# Psalter Translation



## ZackF (Oct 30, 2013)

Is this Psalter the same translation as the one in the back of the Trinity Hymnal?


----------



## Edward (Oct 30, 2013)

Not to my recollection. The Readings in the Hymnal are from the NIV (old version). The ones in Psalter are metrical. For example, the 23 Psalm in the Psalter tracks Hymn 85, rather that the treatment found on page 791, as best as I can recall (I have my Hymnal, but not the Psalter handy).


----------



## PointyHaired Calvinist (Oct 30, 2013)

Isn't the Trinity Psalter a words-only version of the Book of Psalms for Singing?


----------



## SRoper (Oct 30, 2013)

Edward is correct (except the Trinity Psalter recommends Crimond, Hymn 87, for Psalm 23). The Trinity Psalter is for singing metrical psalms.


----------



## SRoper (Oct 30, 2013)

PointyHaired Calvinist said:


> Isn't the Trinity Psalter a words-only version of the Book of Psalms for Singing?

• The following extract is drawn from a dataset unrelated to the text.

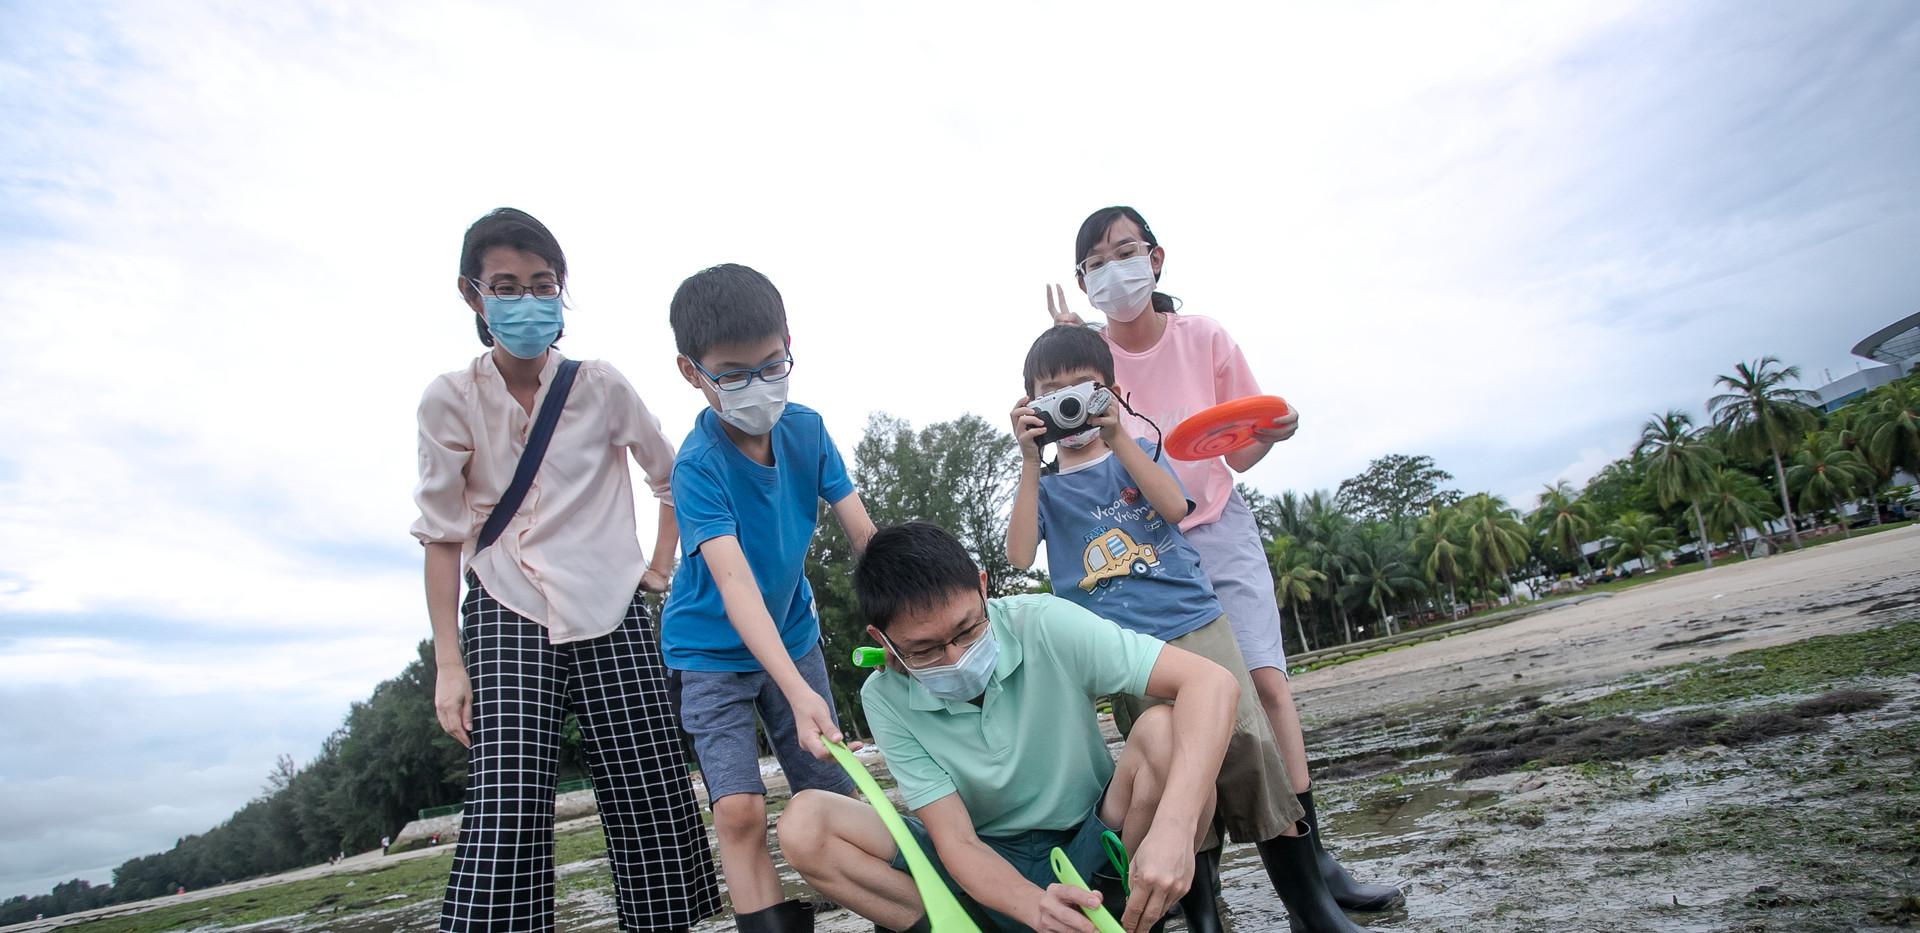 Intertidal Exploration Singapore.jpg

No, they are different psalters. The Trinity Psalter borrows from several sources. There is also a music version of the Trinity Psalter available.


----------



## Edward (Oct 30, 2013)

SRoper said:


> Edward is correct (except the Trinity Psalter recommends Crimond, Hymn 87, for Psalm 23).



Aren't the words the same for 85 and 87? I know 86 is different. But I stand corrected as to the tune.


----------



## SRoper (Nov 1, 2013)

Yes, 85 and 87 have the same words. The words in the Trinity Psalter are slightly different.


----------



## Edward (Nov 1, 2013)

SRoper said:


> Yes, 85 and 87 have the same words. The words in the Trinity Psalter are slightly different.



Thanks.


----------